米富豪のケン・グリフィン氏とスティーブン・ロス氏は、南フロリダの子どもたちがマイアミで開催されるサッカー・ワールドカップ(W杯)の試合を観戦できるよう、1200枚分のチケット購入費用を寄付した。

電子メールで配布された声明によると、寄付は両氏が深く関与する団体フロリダ・カウンシル・オブ・100を通じて行われ、地域のボーイズ&ガールズクラブに配分される。

フロリダ・カウンシル・オブ・100は、企業主導の公共政策を通じて州民の生活向上を目指していると同団体ウェブサイトで説明している。新型コロナウイルス禍の期間中にフロリダ州へ移住したグリフィン氏とロス氏は、より多くの経営幹部や投資家、起業家を同州に呼び込むための1000万ドル(約16億円)規模のキャンペーンにも資金を拠出している。

マイアミでの最初の試合は15日午後のウルグアイ対サウジアラビア戦。最初の2試合の最安チケット価格は約400ドルで、6月27日に行われるコロンビア対ポルトガル戦の入場券価格は3200ドルに高騰している。

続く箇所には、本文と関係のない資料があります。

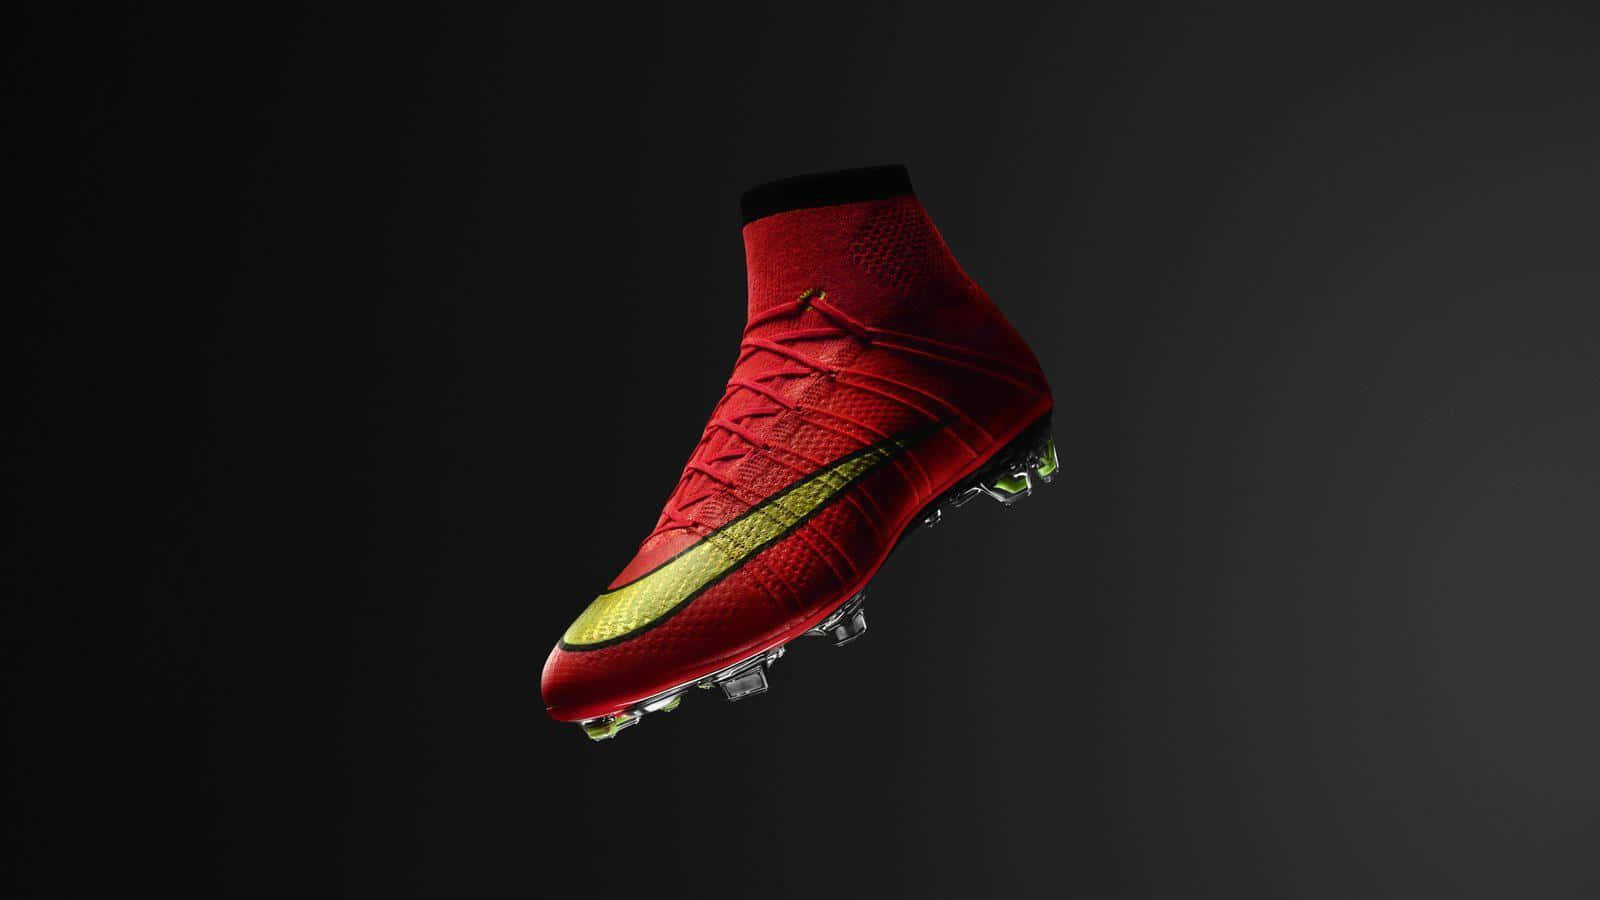 Red High Top Soccer Cleat Wallpaper

米フロリダ州マイアミにあるW杯会場(2026年5月19日)

ヘッジファンド大手シタデルの創業者兼最高経営責任者(CEO)のグリフィン氏は、長年のサッカーファンとして知られ、米男子代表チーム監督マウリシオ・ポチェッティーノ氏の給与支払いを支援した関係者の1人でもある。一方、不動産開発会社リレーテッド・ロスのCEO兼会長を務めるロス氏は、ナショナル・フットボール・リーグ(NFL)マイアミ・ドルフィンズの筆頭オーナーで、W杯7試合が開催されるハードロック・スタジアムも同チームの資産に含まれる。

6月11日に開幕した今大会は、国際サッカー連盟(FIFA)が設定した高額なチケット価格に批判の声が上がっており、熱心なファンの多くが締め出されかねないとの懸念も出ている。それでもスタジアムはおおむね満員となっており、米国、メキシコ、カナダの3カ国で48チームが戦う史上最大規模のW杯への熱気は高まっている。

原題:Griffin, Ross Donate 1,200 World Cup Tickets to Florida Kids(抜粋)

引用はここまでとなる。